Aspen Global Incorporated (AGI), part of the Aspen Group, has agreed to acquire the residual rights to AstraZeneca’s anesthetic medicines in a deal worth up to $770 million. These medicines include: Diprivan (propofol), EMLA (lidocaine 2.5% and prilocaine 2.5%), Xylocaine/Xylocard/Xyloproct (lidocaine HCl), Marcaine (bupivacaine hydrochloride), Naropin (ropivacaine Hcl), Carbocaine (mepivacaine), and Citanest (prilocaine).
AsraZeneca entered into an agreement with AGI in June 2016, under which AGI gained the exclusive commercialization rights to the medicines in markets outside the US. Under the new agreement, AGI will acquire the remaining rights to the intellectual property and manufacturing know-how related to the anesthetic medicines for an upfront consideration of $555 million. Additionally, AGI will pay AstraZeneca up to $211 million in performance-related milestones based on sales and gross margin during the period from September 1, 2017 to November 30, 2019. AstraZeneca plans to continue to manufacture and supply the medicines to AGI during a transition period of up to five years.
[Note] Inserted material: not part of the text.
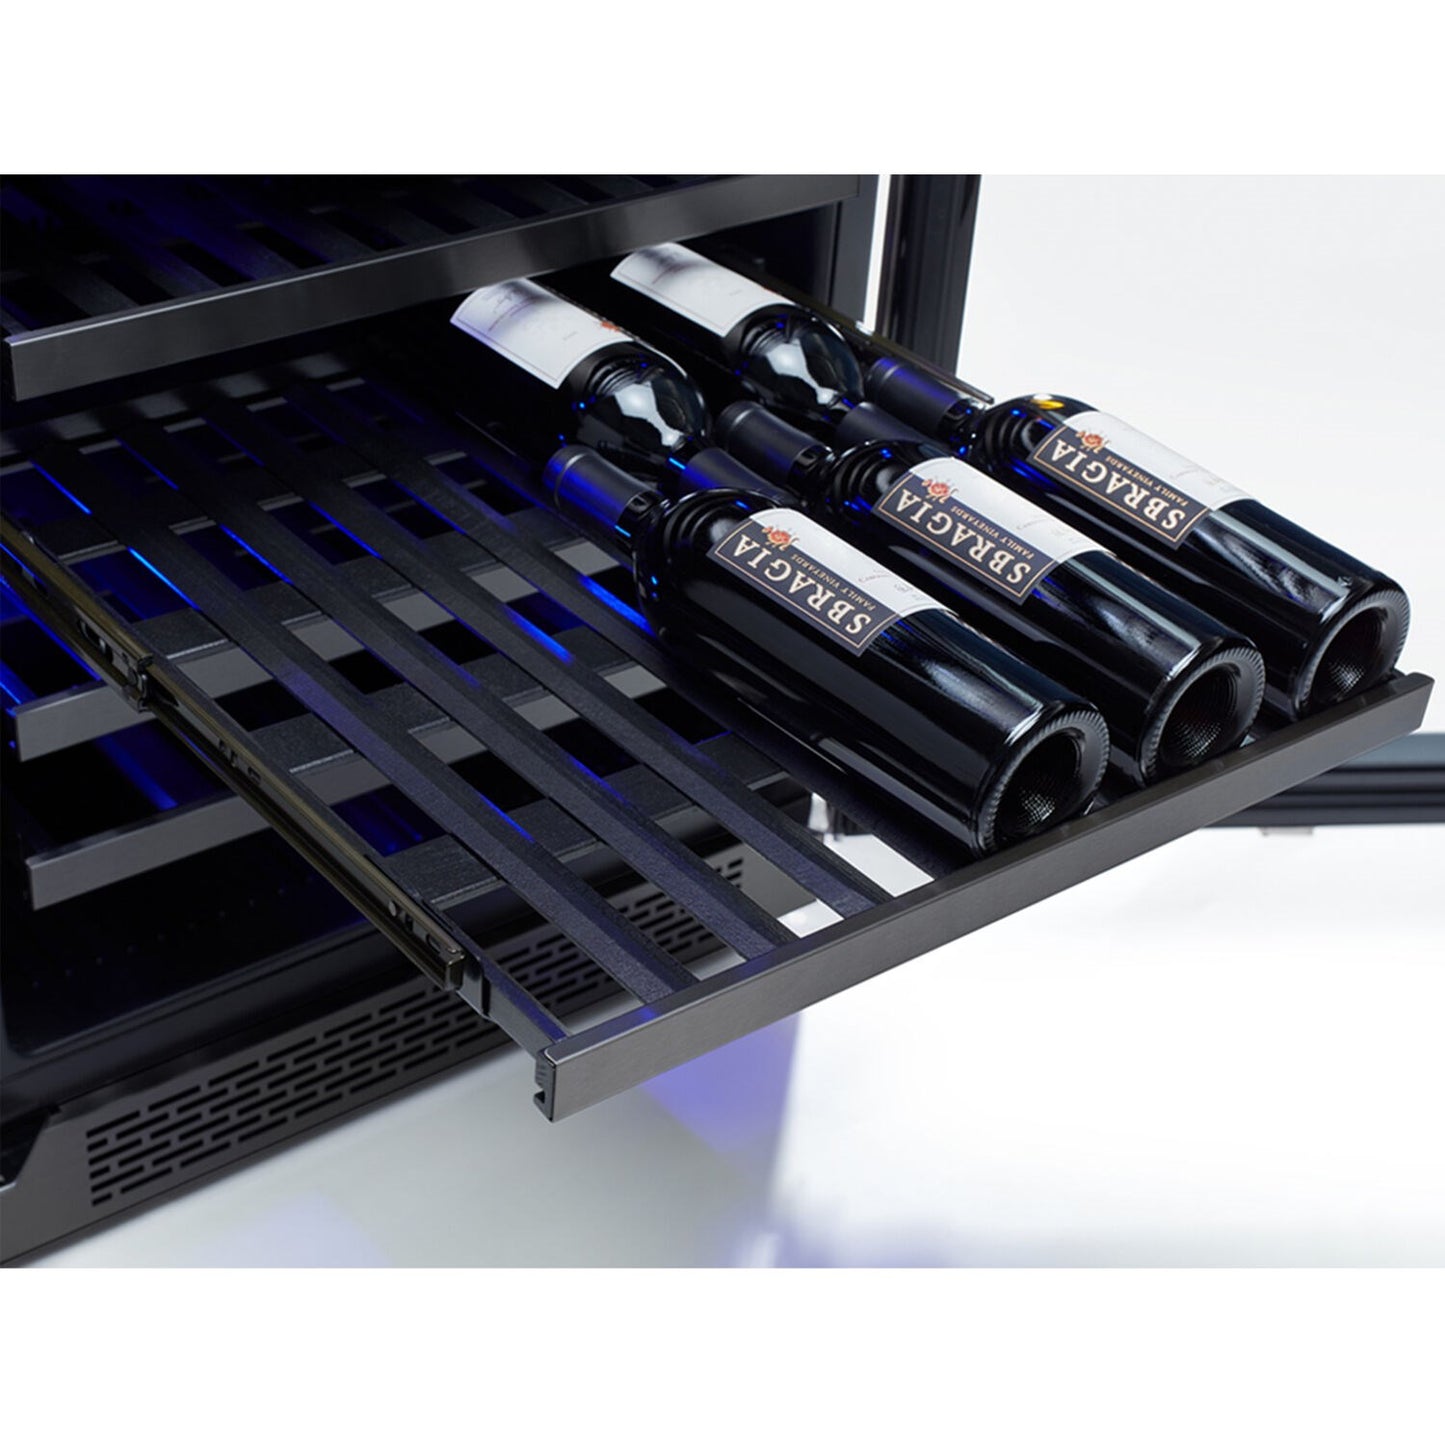 Zephyr Presrv 24" Dual Zone Wine Cooler | Holds 45 Bottles | PRW24C02CG

Under the original 2016 agreement, AGI made an upfront payment to AstraZeneca of $520 million and agreed to make future product sales-related payments of up to $250 million as well as pay double-digit percentage royalties on product sales. AstraZeneca agreed to continue to manufacture and supply the medicines to AGI on a cost-plus basis for an initial period of 10 years.
The new agreement does not impact the first product sales-related payment of $150 million due to AstraZeneca, for which the contingent terms have now been met. Under the new agreement, AGI will no longer pay royalties to AstraZeneca. The remaining $100 million product sales-related payment from the original agreement will be made to AstraZeneca in 2018, if the contingent terms are met.
The new, additional agreement is expected to close in the fourth quarter of 2017, subject to customary closing conditions and regulatory clearances.